> _THE TASK_:
Print the listing in its entirety and exactly, leaving out images.

> _DATA BELOW_:
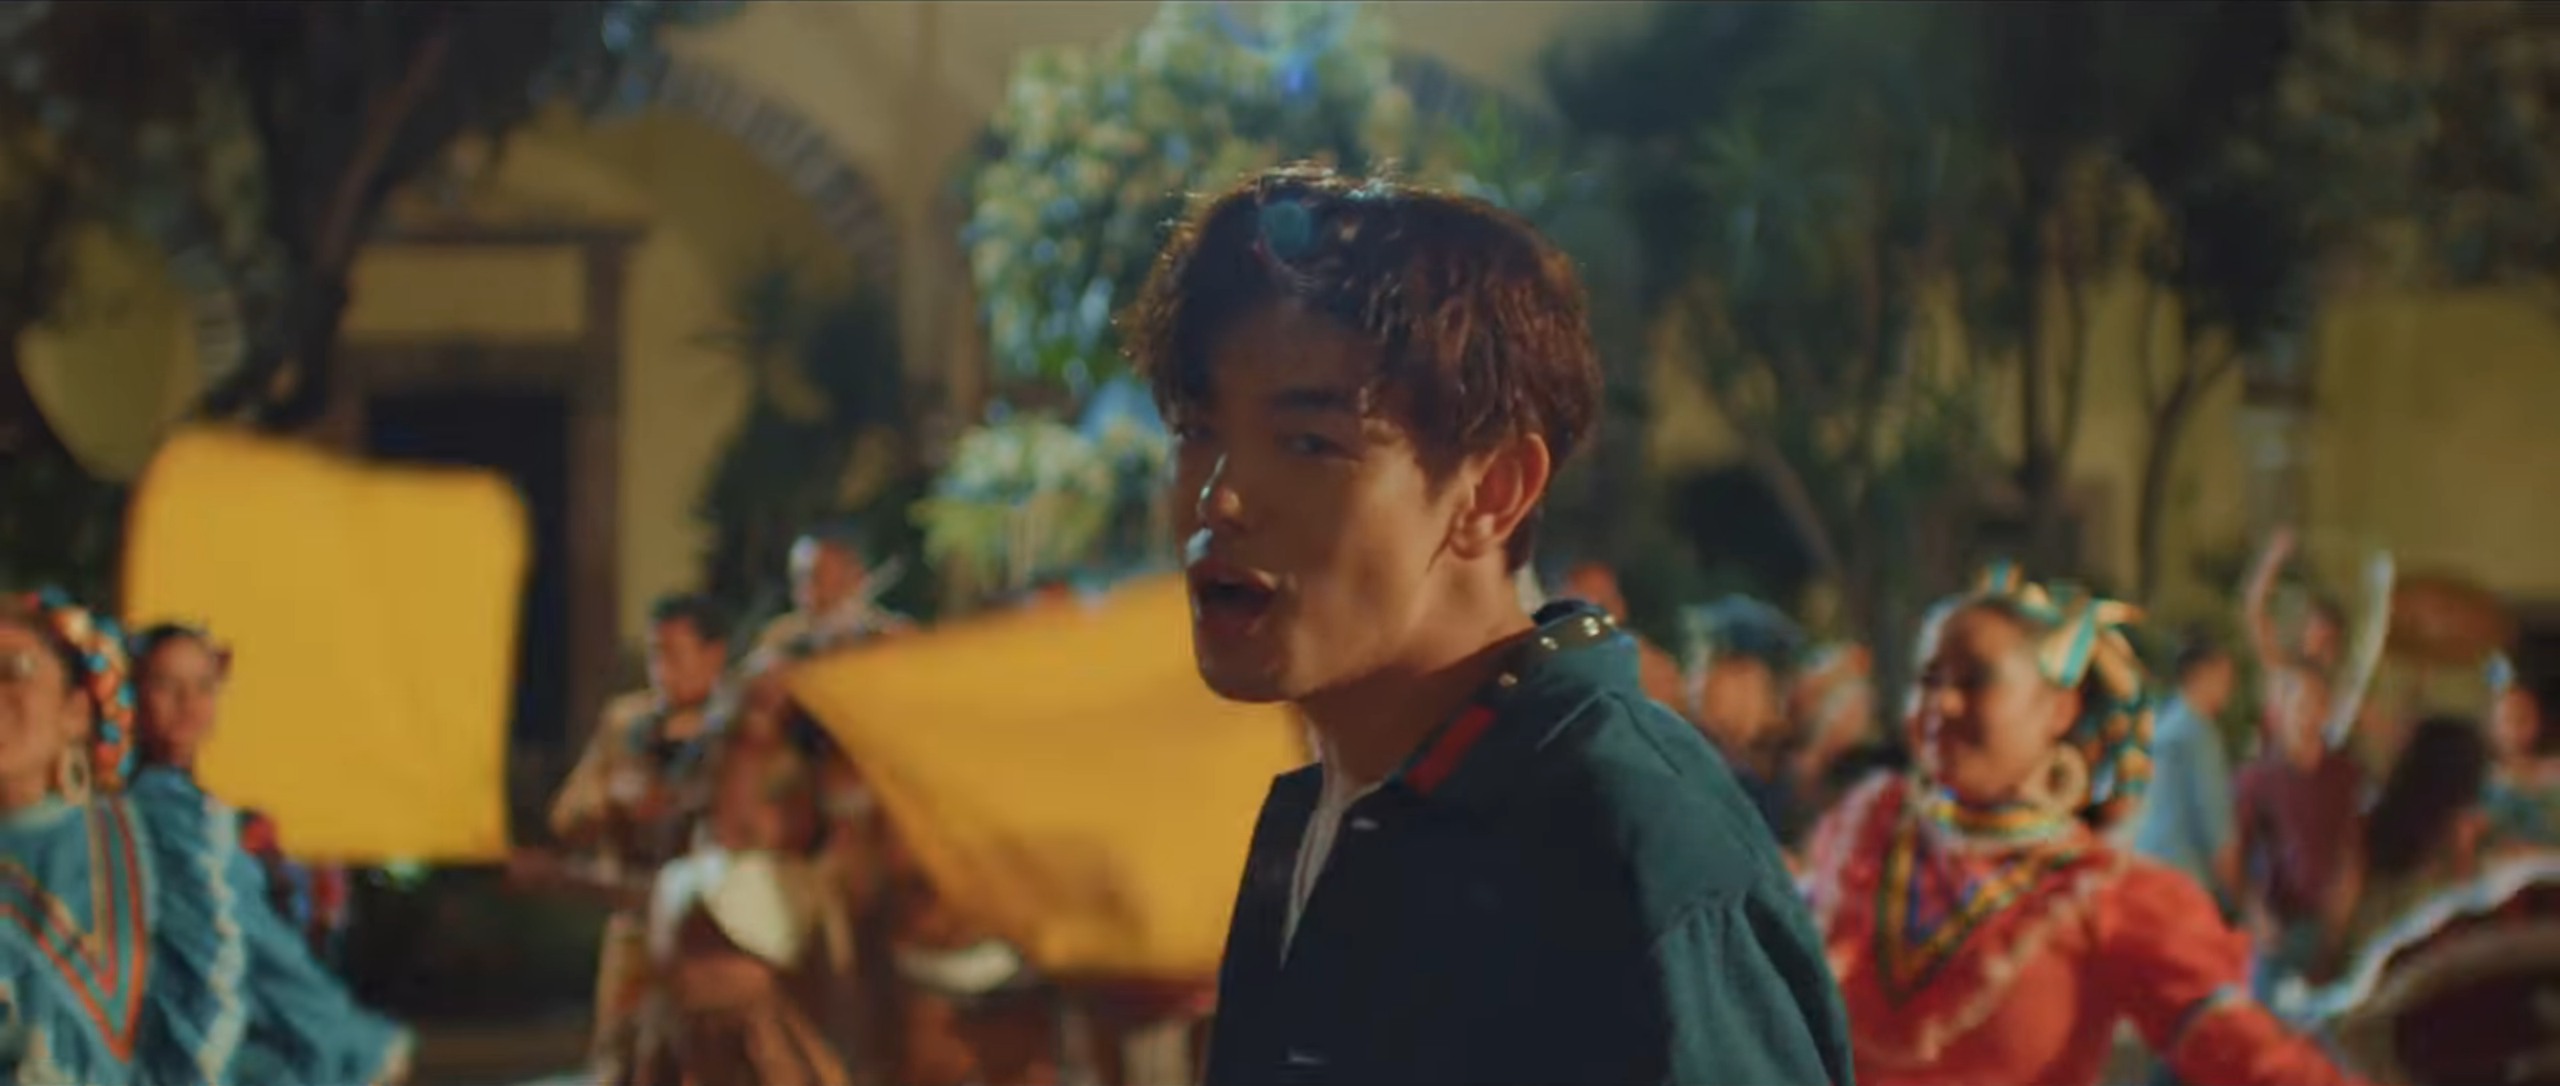 Music and Lyrics: Lost in the Rhythm – Seoulbeats
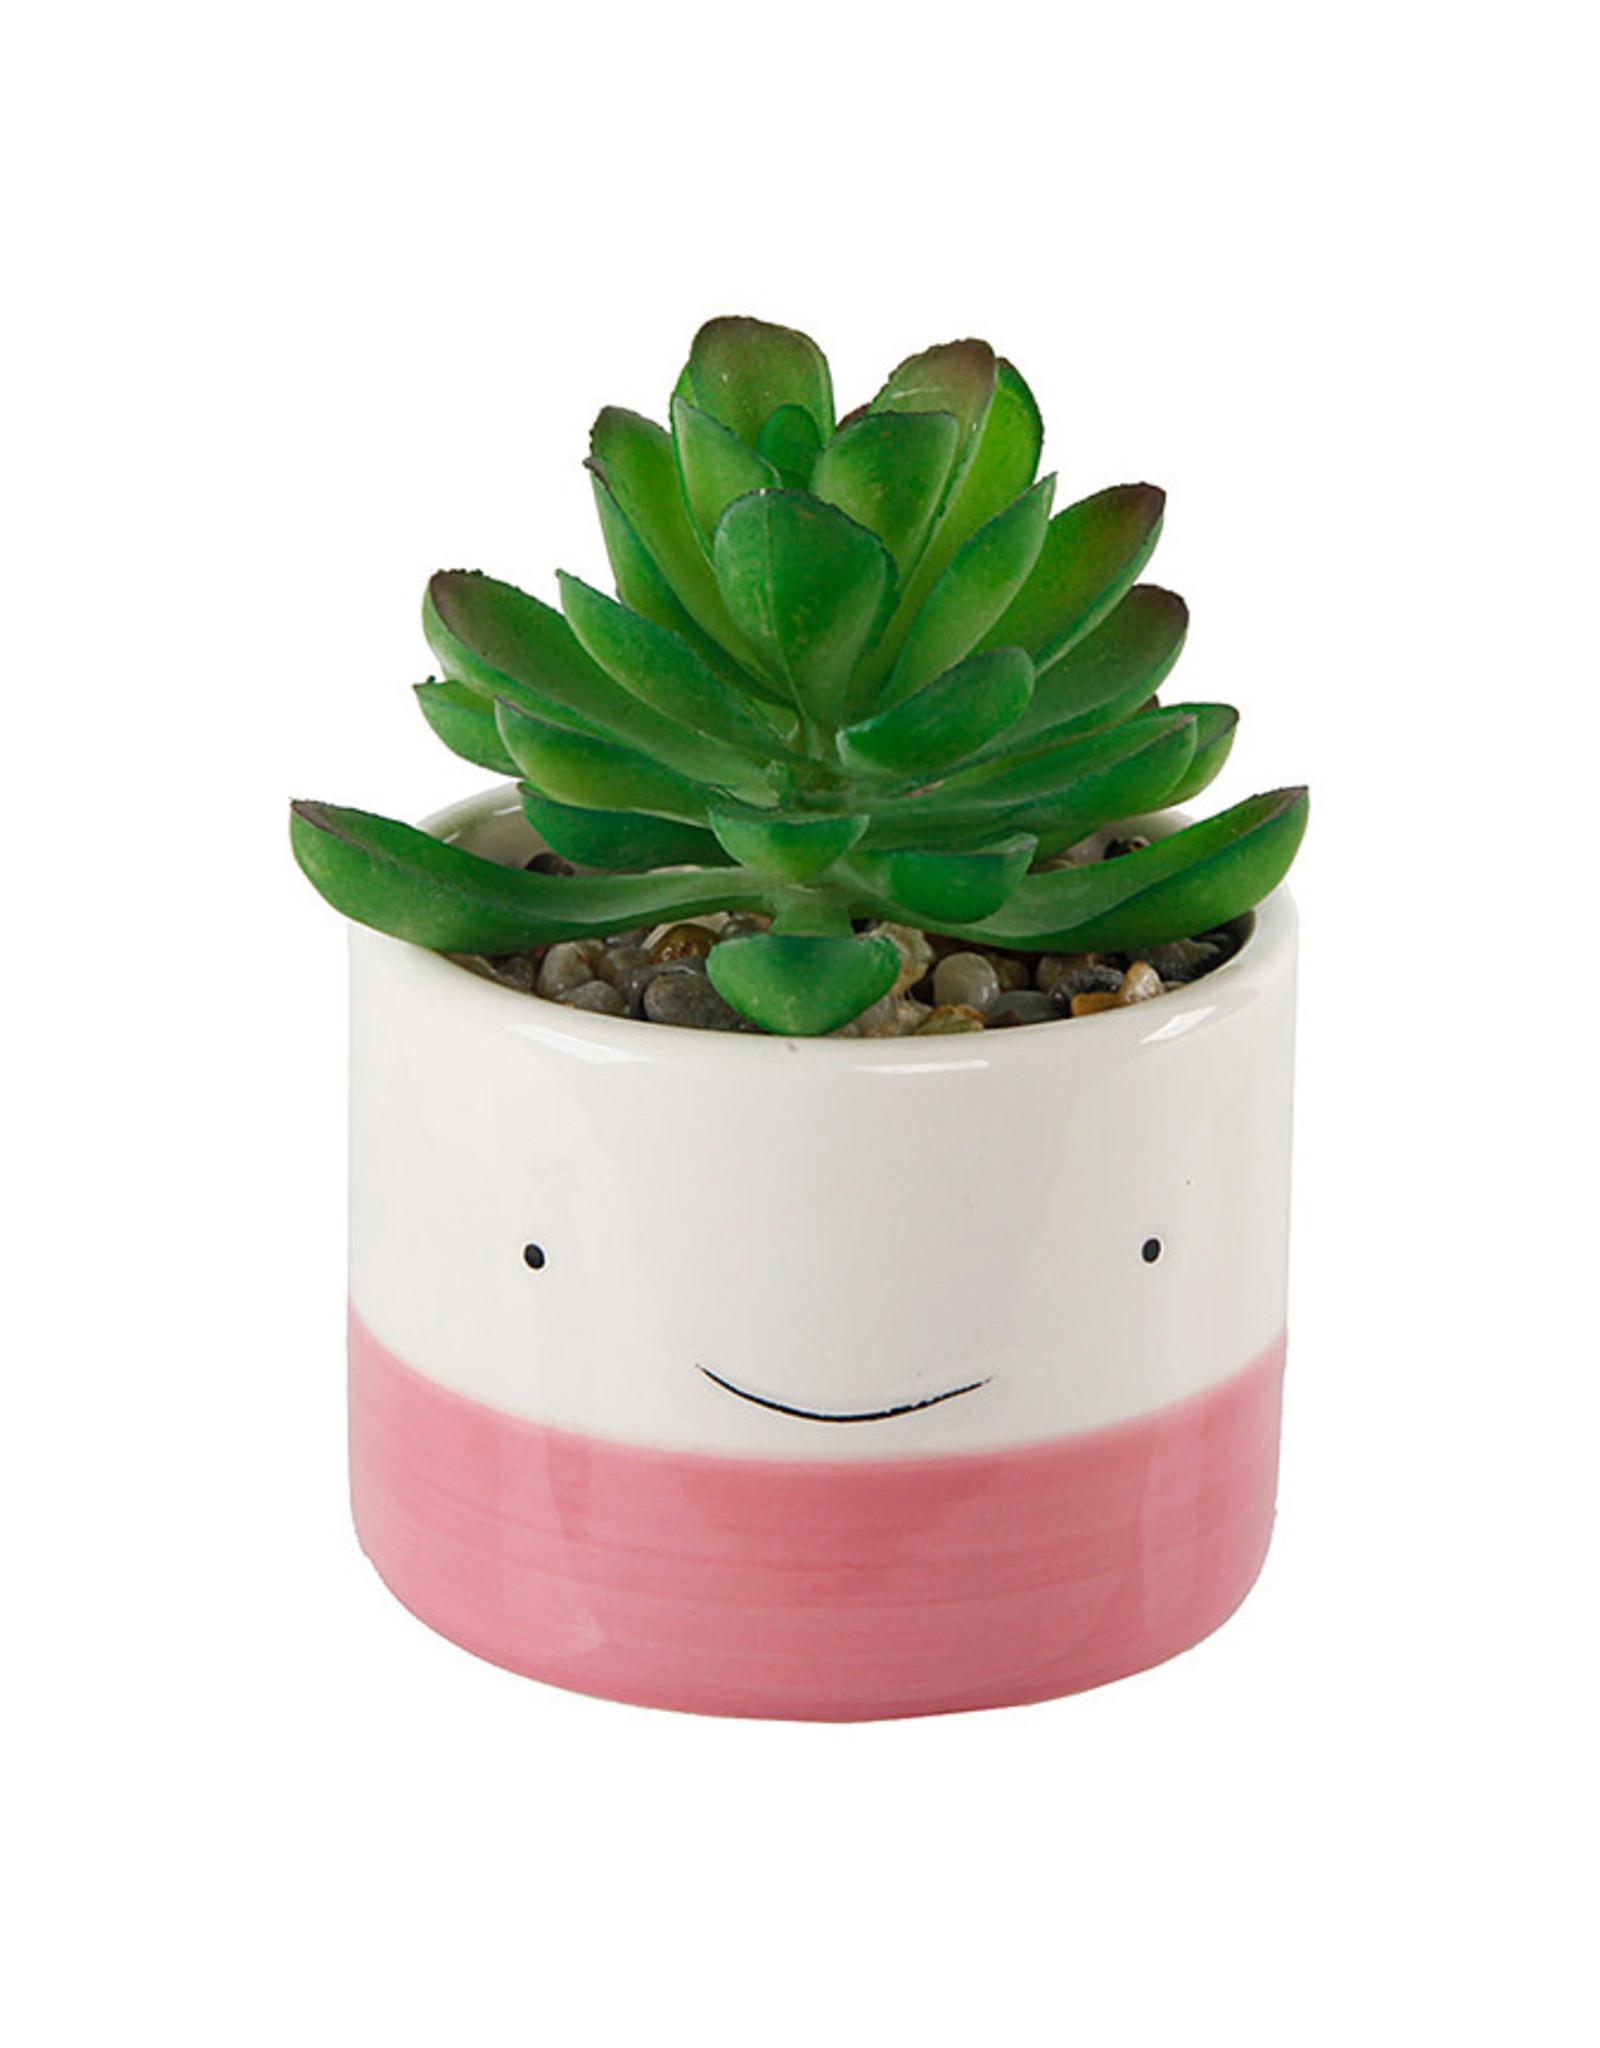 Smiley Face Succulent Planter - Pink
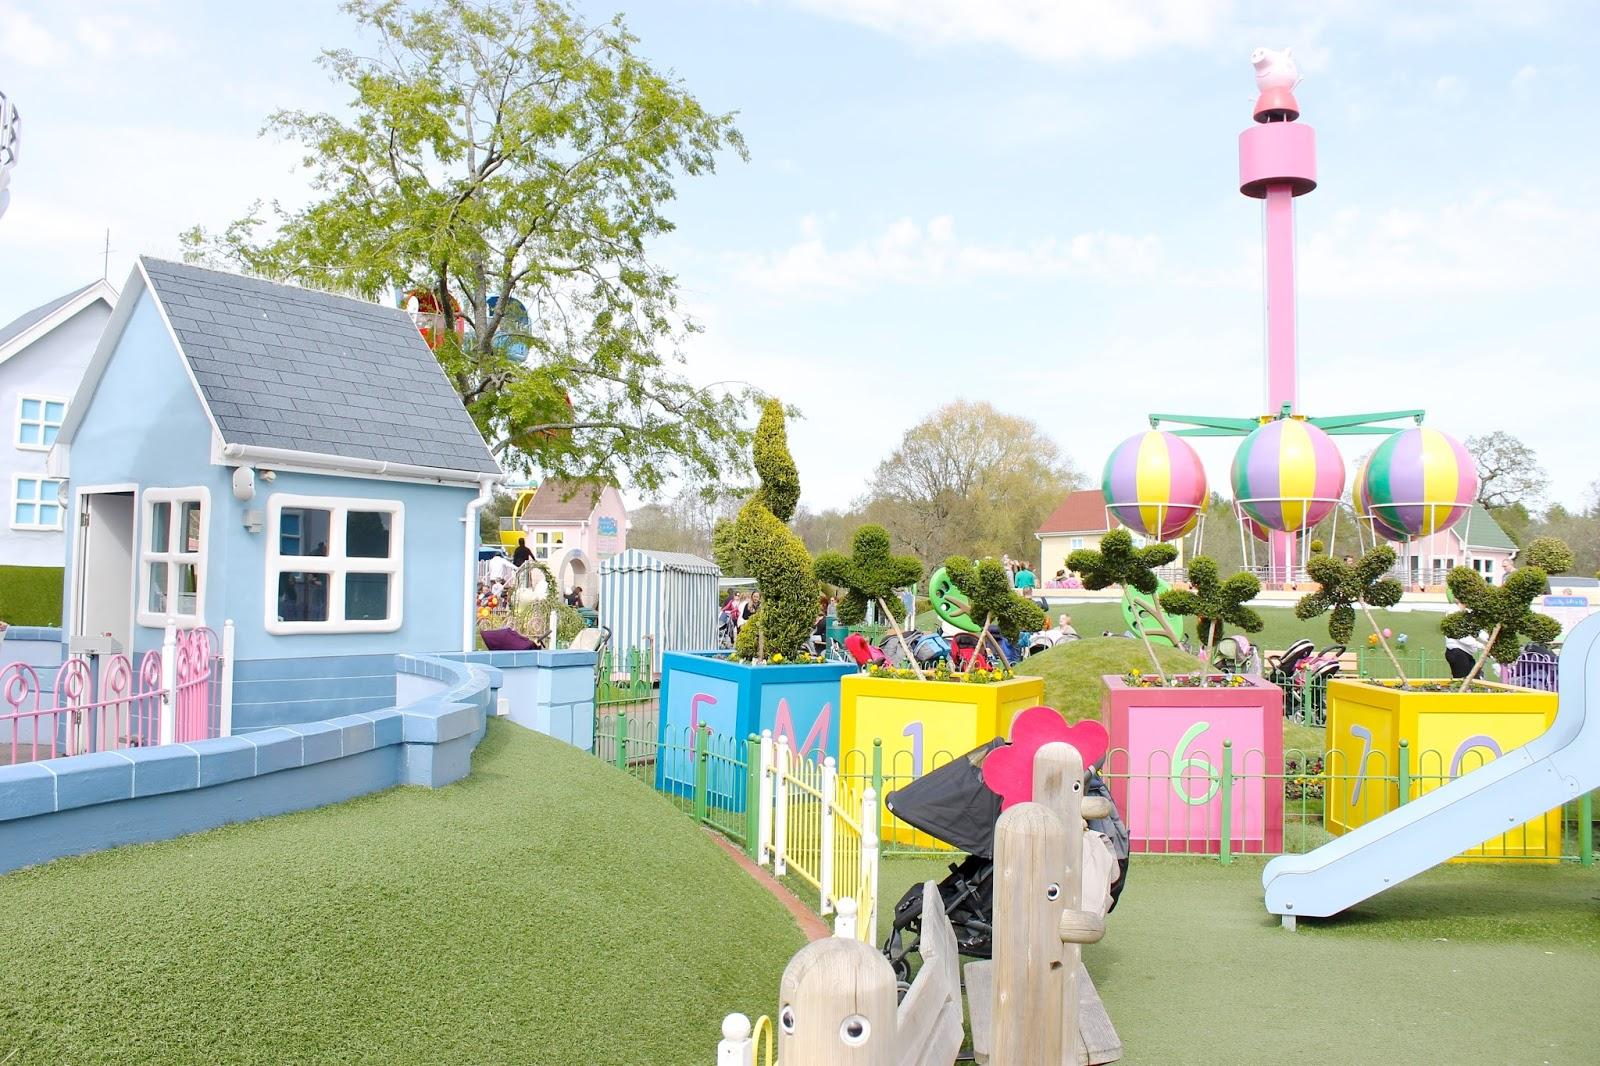 review of paultons park peppa pig world an award. Black Bedroom Furniture Sets. Home Design Ideas

> _TASK SOLUTION_:
 Music and Lyrics: Lost in the Rhythm – Seoulbeats
 Smiley Face Succulent Planter - Pink
 review of paultons park peppa pig world an award. Black Bedroom Furniture Sets. Home Design Ideas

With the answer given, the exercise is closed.